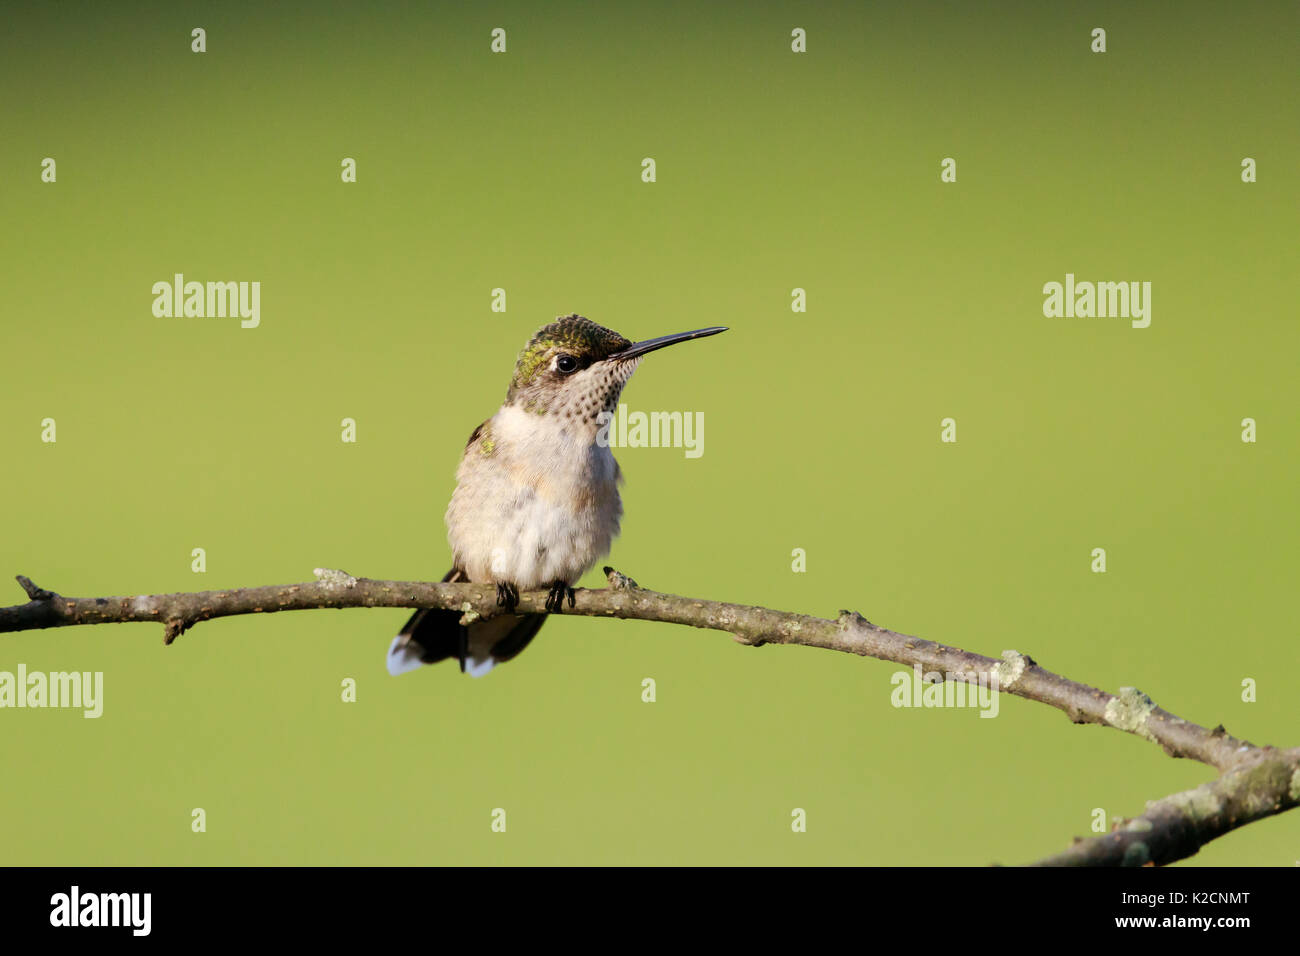 Femmina di Ruby-throated hummingbird, archilochus colubris, appollaiato su un ramo guardando a sinistra verso il visualizzatore, girato dalla sua parte anteriore. Foto Stock
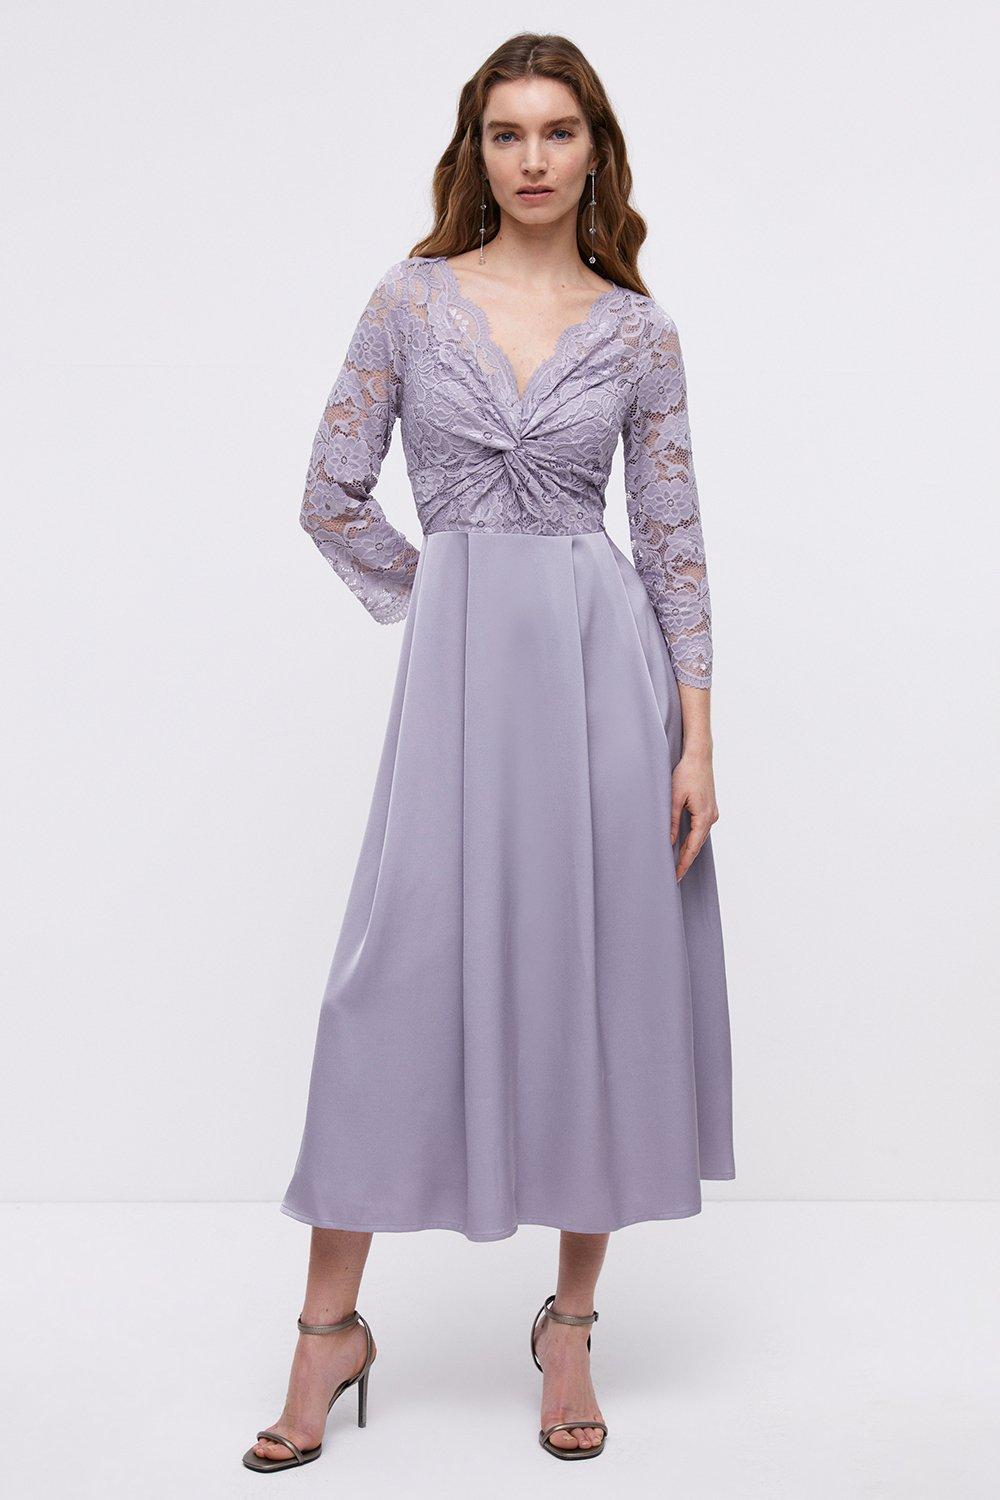 Lace Twist Top Satin Skirt Midi Dress
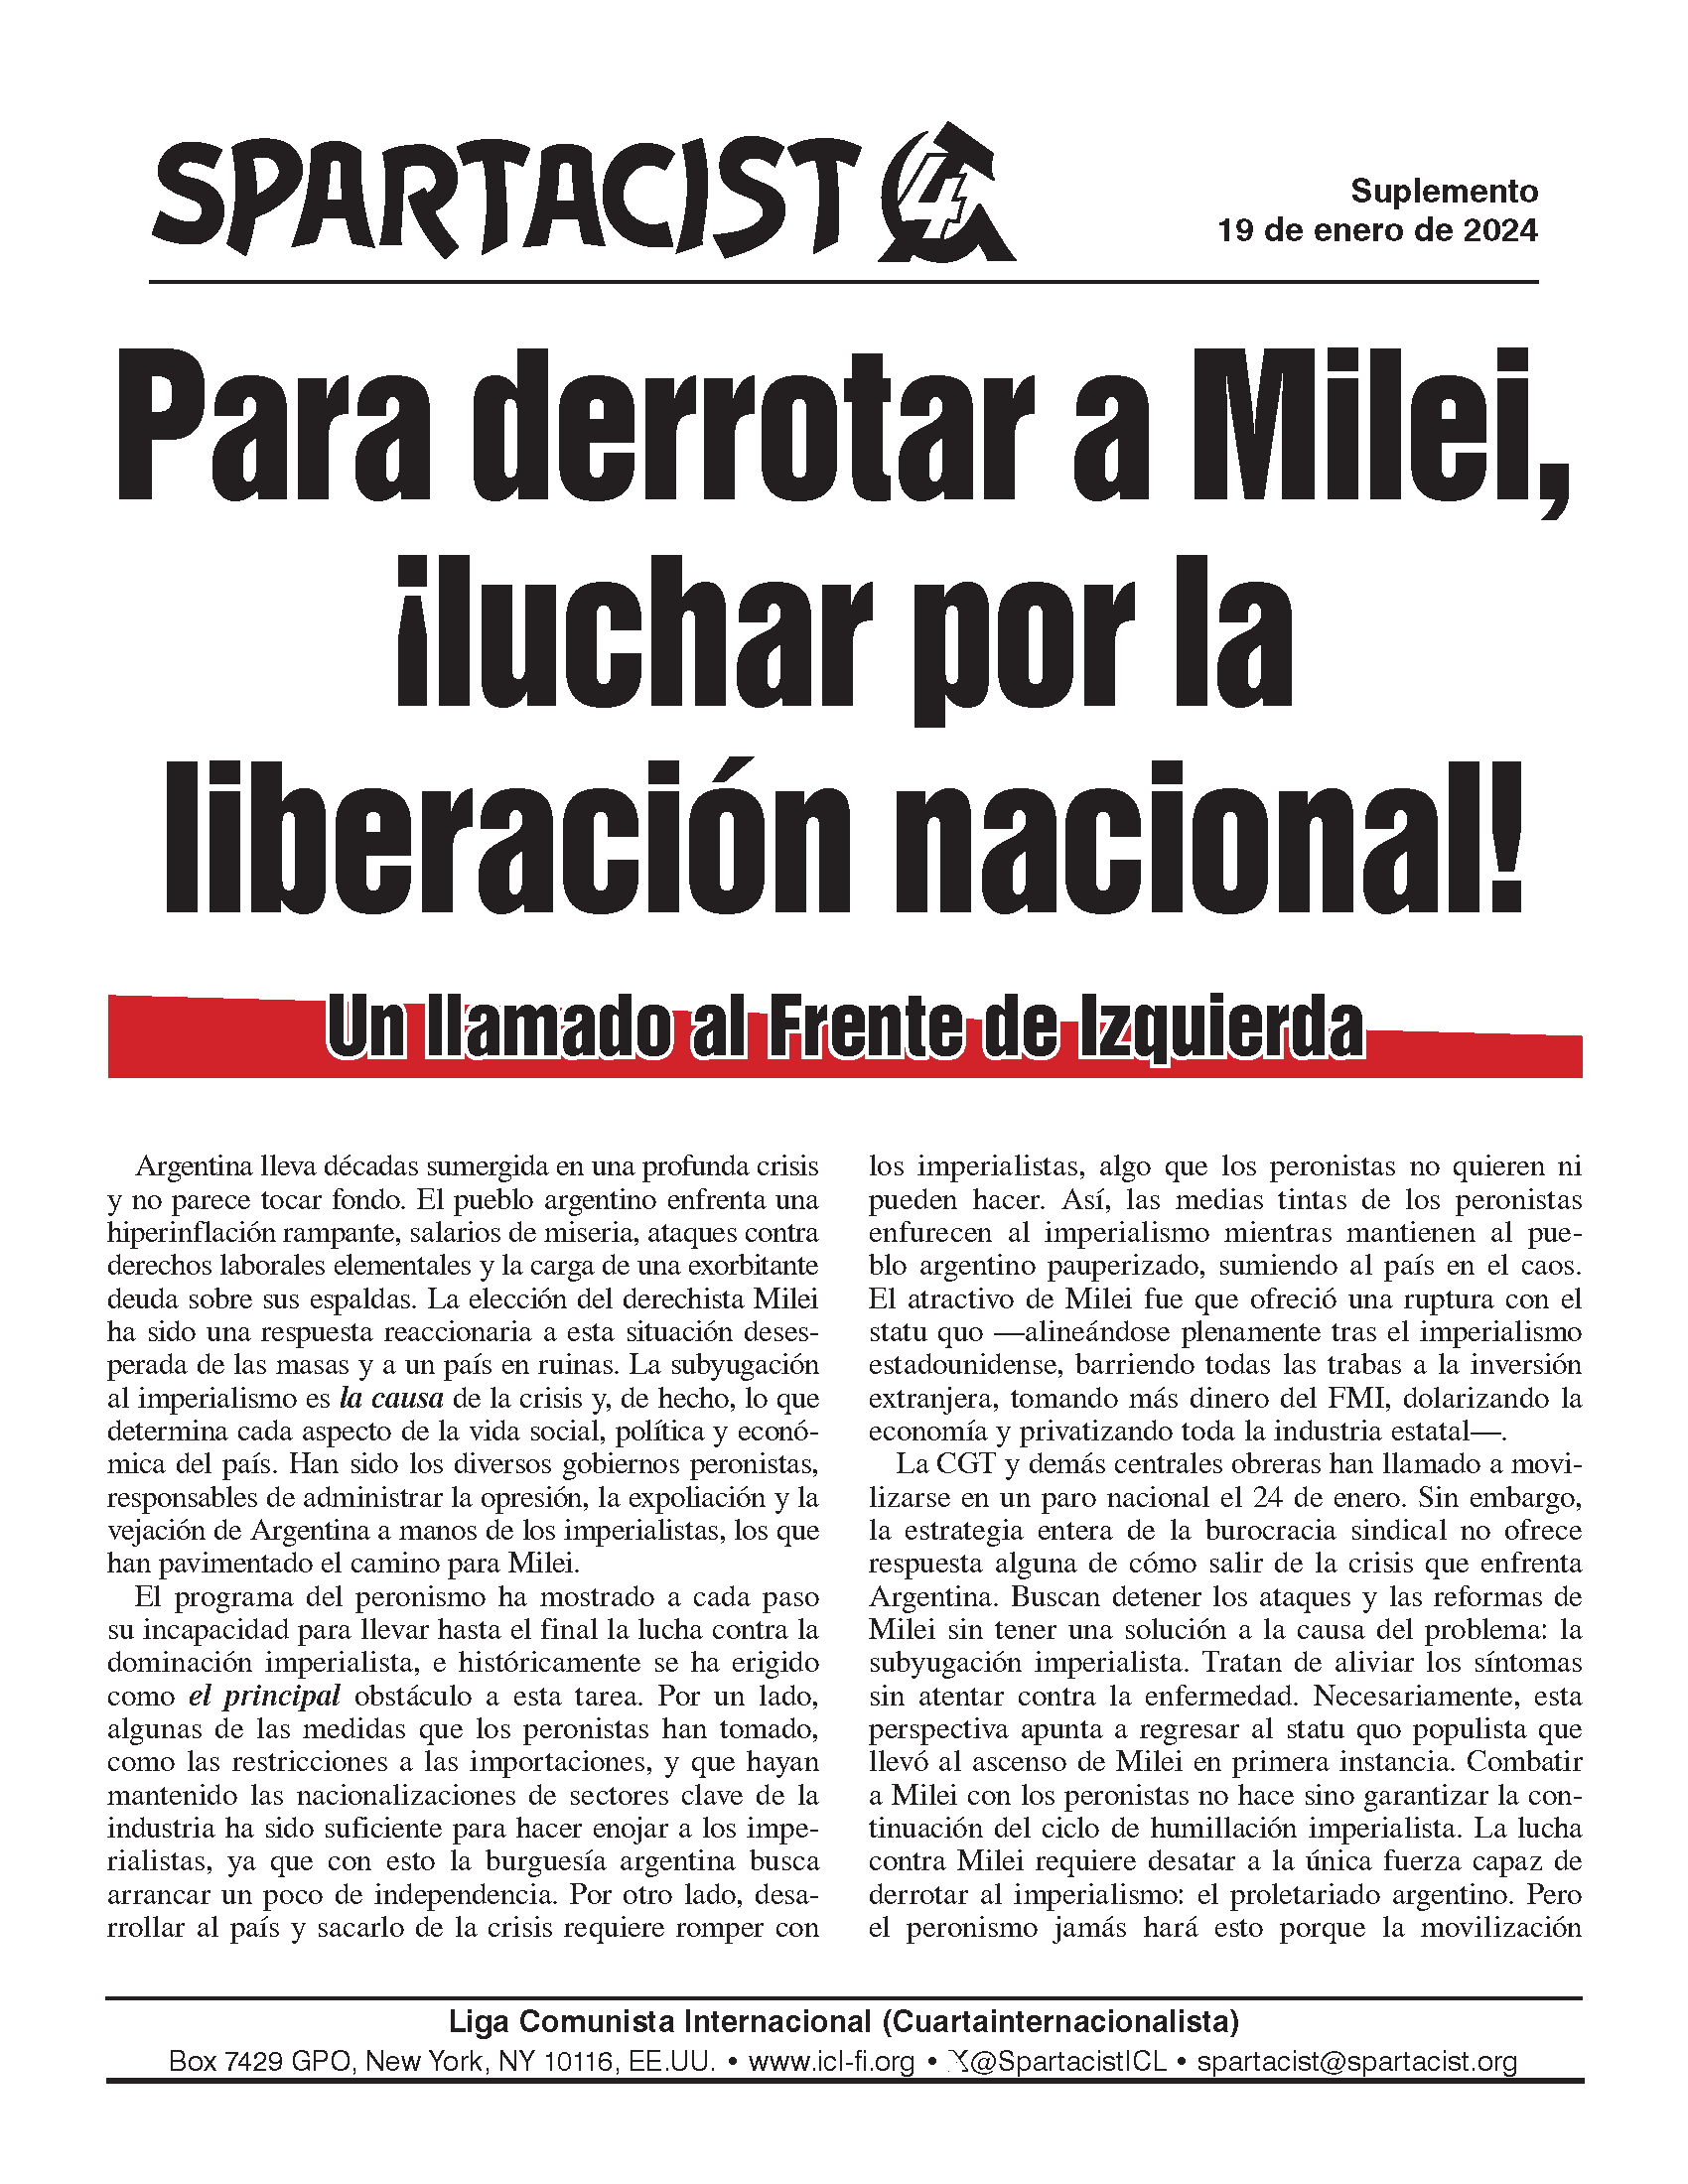 suplemento Spartacist (edición en español)  |  19 de enero de 2024

* _PROBLEM REQUIREMENTS_:
With the pictures left out, copy exactly the lines from the one containing "Lace Twist Top Satin Skirt Midi Dress" through the last line of the data.

* _SOLUTION FOR THIS PROBLEM_:
 Lace Twist Top Satin Skirt Midi Dress
 suplemento Spartacist (edición en español)  |  19 de enero de 2024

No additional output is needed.